Adaptation to Extrauterine Life Flashcards
What are four critical aspects or consequences of pulmonary adaptation?
Lung growth and development
Physiologic maturation
Respiratory drive
Relationship of lung inflation to cardiovascular transition
What are the phases of lung development?
Canalicular phase (17-27 weeks) Type II cells begin to differentiate, capillary network begins
Saccular phase (26-36 weeks) Thinning of interstitial space and association of endothelial and type I cells
Alveolar phase (36 weeks - 3 years) Presence of true alveoli
What are the three aspects of physiologic maturation?
Surfactant generation
Functional residual capacity
Lung fluid absorption
What is surfactant and where is it made?
Surfactant is a phospholipid-protein complex (90% lipid, 10% protein) which lowers surface tension and prevents alveolar collapse at end expiration. Also decreases work of breathing (improves compliance, DV/DP) and aids host defense.
Made in Type II alveolar cells, stored as lamellar bodies, and secreted as tubular myelin into the alveolar space
Molecules line up in the presence of surfactant proteins and phospholipids into a monolayer-multilayer film along the liquid-air interface
How does surfactant function and what is its overall physiologic action?

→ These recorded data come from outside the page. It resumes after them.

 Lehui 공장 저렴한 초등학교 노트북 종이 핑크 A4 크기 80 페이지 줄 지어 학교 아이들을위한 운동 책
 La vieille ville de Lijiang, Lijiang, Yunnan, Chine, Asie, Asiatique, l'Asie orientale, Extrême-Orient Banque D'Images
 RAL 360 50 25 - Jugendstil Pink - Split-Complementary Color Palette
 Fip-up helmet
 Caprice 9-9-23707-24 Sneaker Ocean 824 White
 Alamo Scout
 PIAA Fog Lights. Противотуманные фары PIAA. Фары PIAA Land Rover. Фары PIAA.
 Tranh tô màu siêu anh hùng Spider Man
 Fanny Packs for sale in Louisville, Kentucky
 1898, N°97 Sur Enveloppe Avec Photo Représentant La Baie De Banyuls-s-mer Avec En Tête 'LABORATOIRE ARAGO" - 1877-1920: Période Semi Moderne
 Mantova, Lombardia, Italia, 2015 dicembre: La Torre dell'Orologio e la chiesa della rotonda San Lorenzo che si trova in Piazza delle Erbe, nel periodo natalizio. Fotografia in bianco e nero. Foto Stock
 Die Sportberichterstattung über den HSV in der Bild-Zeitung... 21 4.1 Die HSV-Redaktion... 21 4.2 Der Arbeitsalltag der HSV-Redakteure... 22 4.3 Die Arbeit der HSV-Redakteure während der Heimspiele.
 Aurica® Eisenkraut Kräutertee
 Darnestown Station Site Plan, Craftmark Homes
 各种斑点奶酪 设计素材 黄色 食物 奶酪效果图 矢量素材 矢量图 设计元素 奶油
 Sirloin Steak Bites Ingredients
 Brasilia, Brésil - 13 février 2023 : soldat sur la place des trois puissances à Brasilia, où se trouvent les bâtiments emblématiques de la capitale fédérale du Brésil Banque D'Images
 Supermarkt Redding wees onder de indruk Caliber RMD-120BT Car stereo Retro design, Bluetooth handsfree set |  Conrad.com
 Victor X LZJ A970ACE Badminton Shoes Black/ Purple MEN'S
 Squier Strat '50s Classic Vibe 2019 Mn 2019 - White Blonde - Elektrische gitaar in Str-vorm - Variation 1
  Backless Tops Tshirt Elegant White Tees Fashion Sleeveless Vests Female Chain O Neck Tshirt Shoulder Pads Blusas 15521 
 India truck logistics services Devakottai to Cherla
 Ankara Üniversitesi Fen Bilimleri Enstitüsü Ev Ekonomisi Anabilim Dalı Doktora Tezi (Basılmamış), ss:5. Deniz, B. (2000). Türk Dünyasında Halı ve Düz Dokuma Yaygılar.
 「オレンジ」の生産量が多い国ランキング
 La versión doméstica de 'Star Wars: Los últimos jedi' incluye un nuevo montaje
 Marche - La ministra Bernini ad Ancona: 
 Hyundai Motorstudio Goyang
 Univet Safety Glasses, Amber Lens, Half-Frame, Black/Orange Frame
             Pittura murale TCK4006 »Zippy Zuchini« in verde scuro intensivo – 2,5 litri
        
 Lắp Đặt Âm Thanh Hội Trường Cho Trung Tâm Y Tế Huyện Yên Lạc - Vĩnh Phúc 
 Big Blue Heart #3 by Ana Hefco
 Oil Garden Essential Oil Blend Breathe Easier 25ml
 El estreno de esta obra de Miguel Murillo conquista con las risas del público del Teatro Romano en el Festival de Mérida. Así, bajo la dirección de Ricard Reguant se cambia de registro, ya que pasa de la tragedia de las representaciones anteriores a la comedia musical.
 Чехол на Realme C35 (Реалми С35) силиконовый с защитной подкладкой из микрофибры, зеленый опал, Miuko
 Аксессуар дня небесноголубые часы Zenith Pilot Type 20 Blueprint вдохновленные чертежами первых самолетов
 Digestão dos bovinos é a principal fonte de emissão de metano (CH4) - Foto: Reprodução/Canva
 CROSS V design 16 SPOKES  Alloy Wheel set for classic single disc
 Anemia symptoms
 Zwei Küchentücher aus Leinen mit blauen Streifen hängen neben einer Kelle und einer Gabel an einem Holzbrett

The surfactant molecules have a hydrophilic head and a hydrophobic tail which extends into the air space. When the air space collapses, the tails are densely packed, leading to mutual repulsion, opposing collapse.
Surfactant lowers the opening pressure, increases the maximal lung gas volume, and maintains gas volume on deflation (FRC- functional reserve capacity)
What is the term for surfactant deficiency?
Hyaline membrane disease
What is the importance of functional reserve capacity?
FRC leads to optimal compliance (compliance = ΔV/ΔP) in the lung. High or low FRC leads to diminished compliance (S-shaped compliance curve).
What are signs of surfactant deficiency/hyaline membrane disease?
Premature, or delayed maturity (e.g. Infant of Diabetic Mother)
Increased work of breathing
- Retractions (often marked due to soft chest wall)
- Grunting, flaring
Cyanosis in room air
Chest XR with diffuse microatelectasis (very poorly aerated)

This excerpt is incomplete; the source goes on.